The records =>
▬▬▬
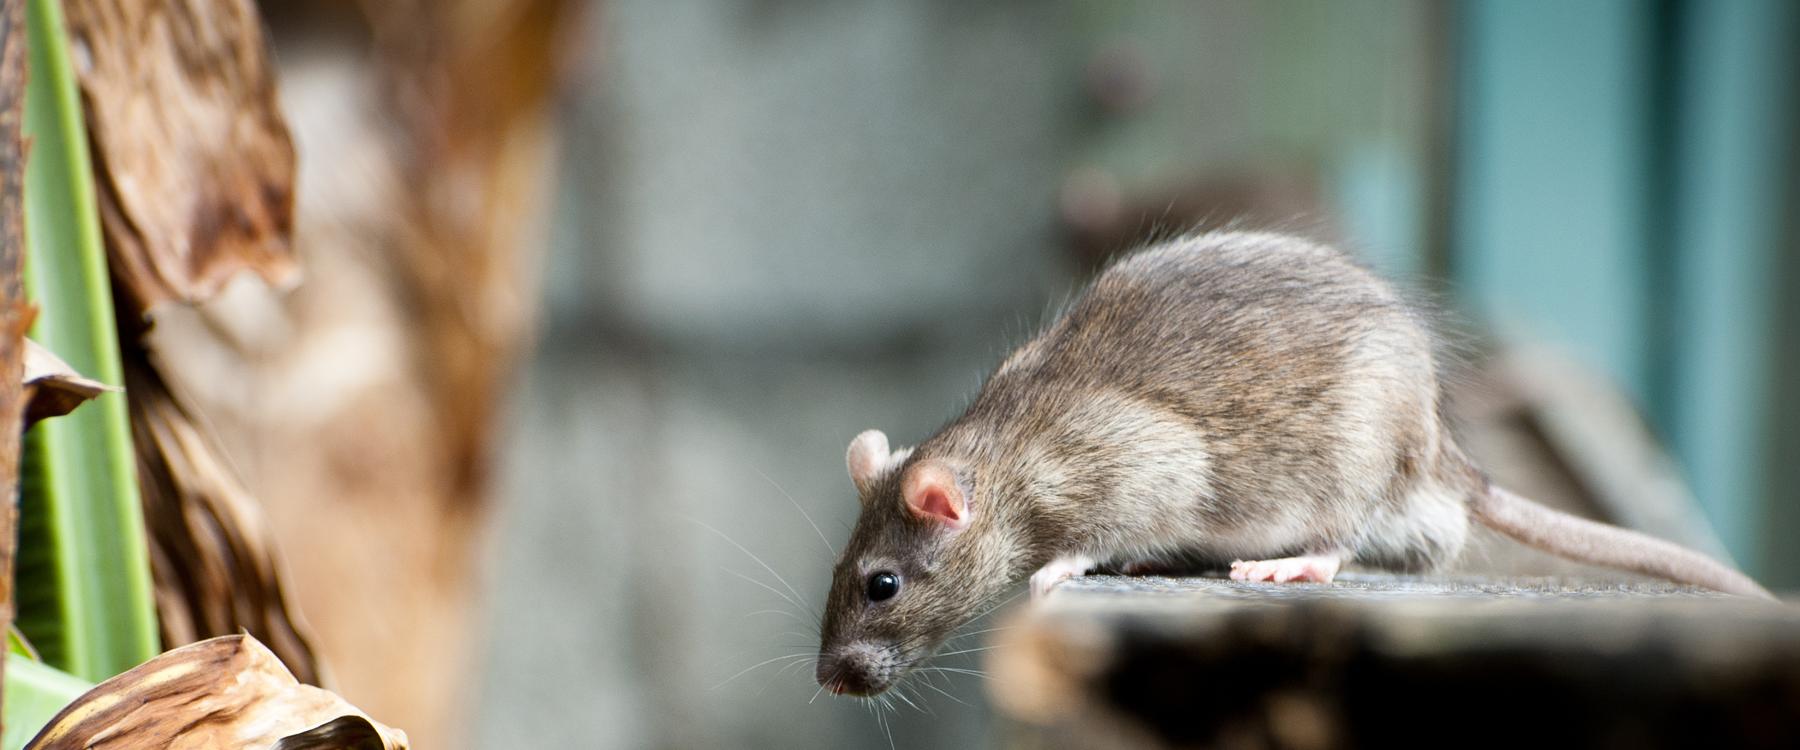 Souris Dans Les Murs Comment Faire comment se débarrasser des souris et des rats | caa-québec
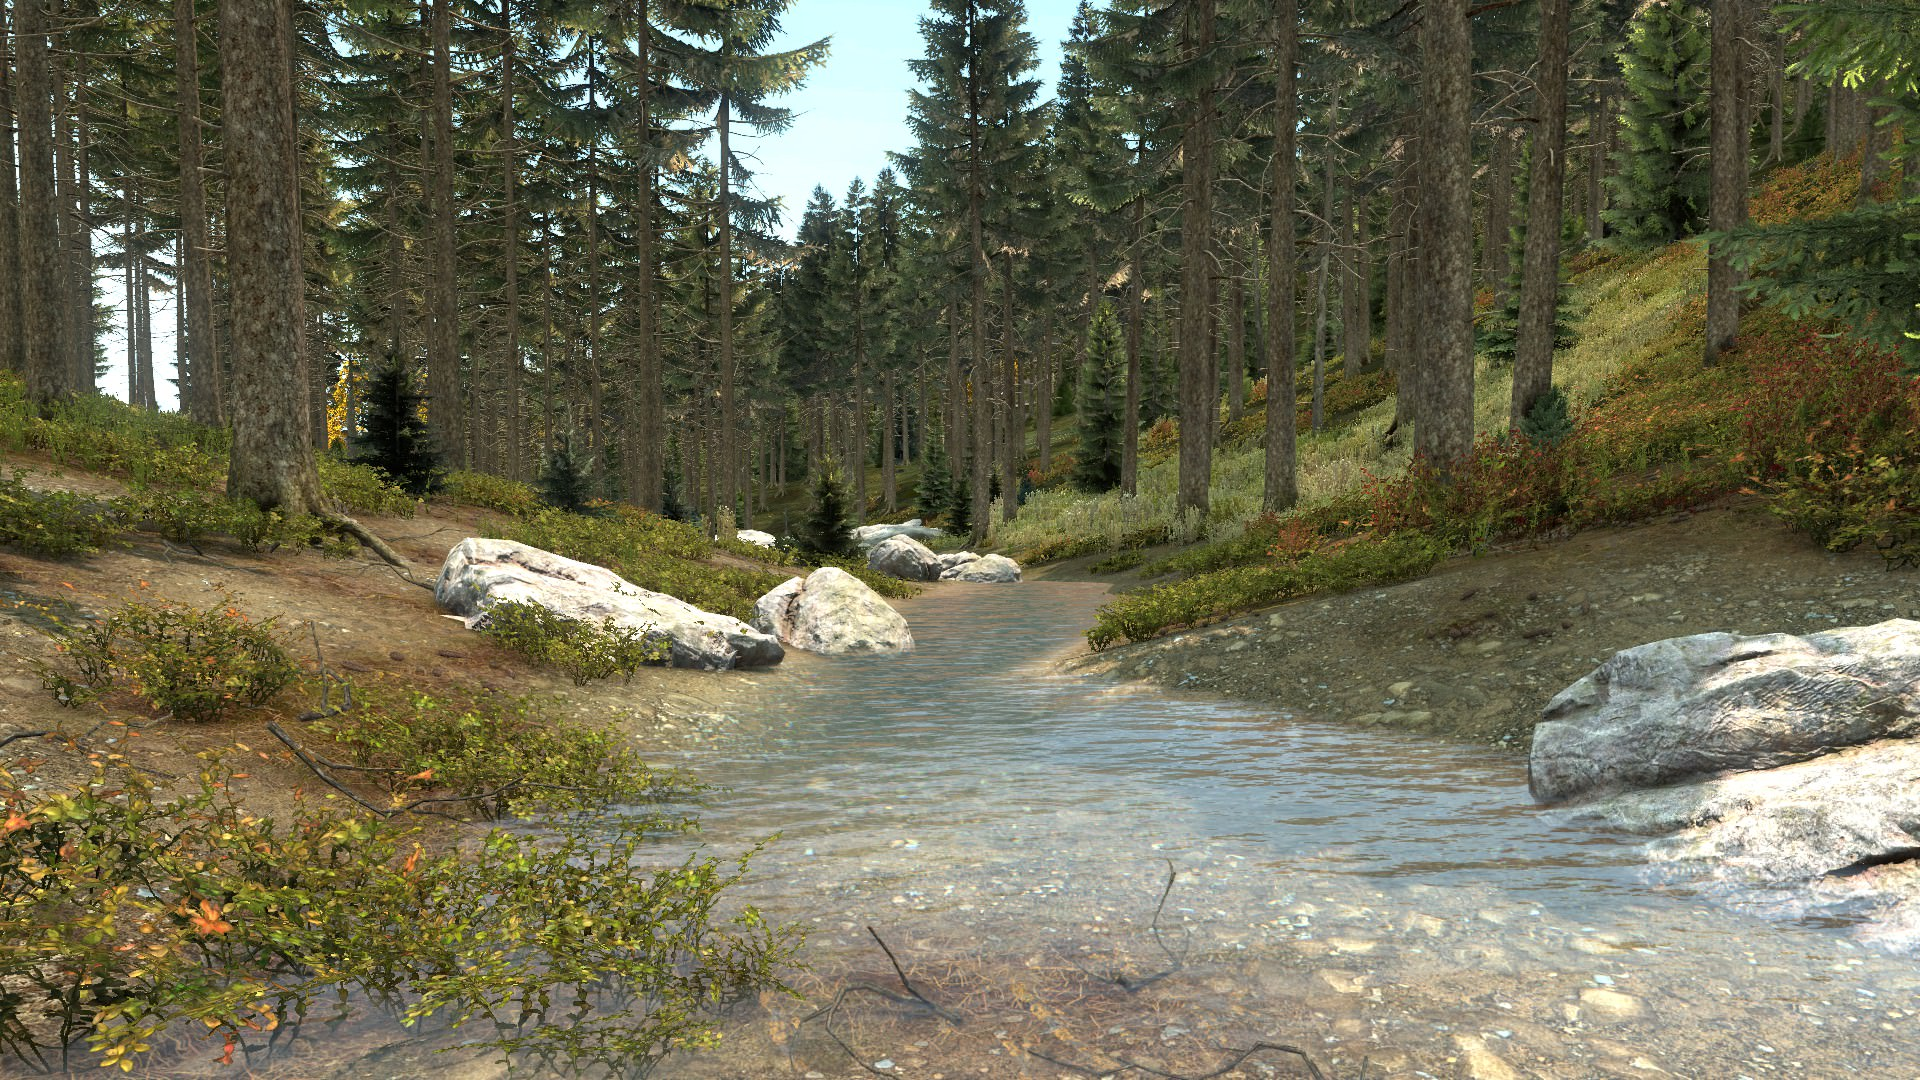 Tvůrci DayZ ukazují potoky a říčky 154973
▬▬▬
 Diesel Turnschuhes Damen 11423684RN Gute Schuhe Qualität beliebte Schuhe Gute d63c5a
▬▬▬
Task instructions =>
Keep to the lines above from the line with "Souris Dans Les" to the line with "Tvůrci DayZ ukazují potoky a říčky 154973", and set down exactly those, inclusive, with nothing else and every picture left out.

Answer section =>
 Souris Dans Les Murs Comment Faire comment se débarrasser des souris et des rats | caa-québec
 Tvůrci DayZ ukazují potoky a říčky 154973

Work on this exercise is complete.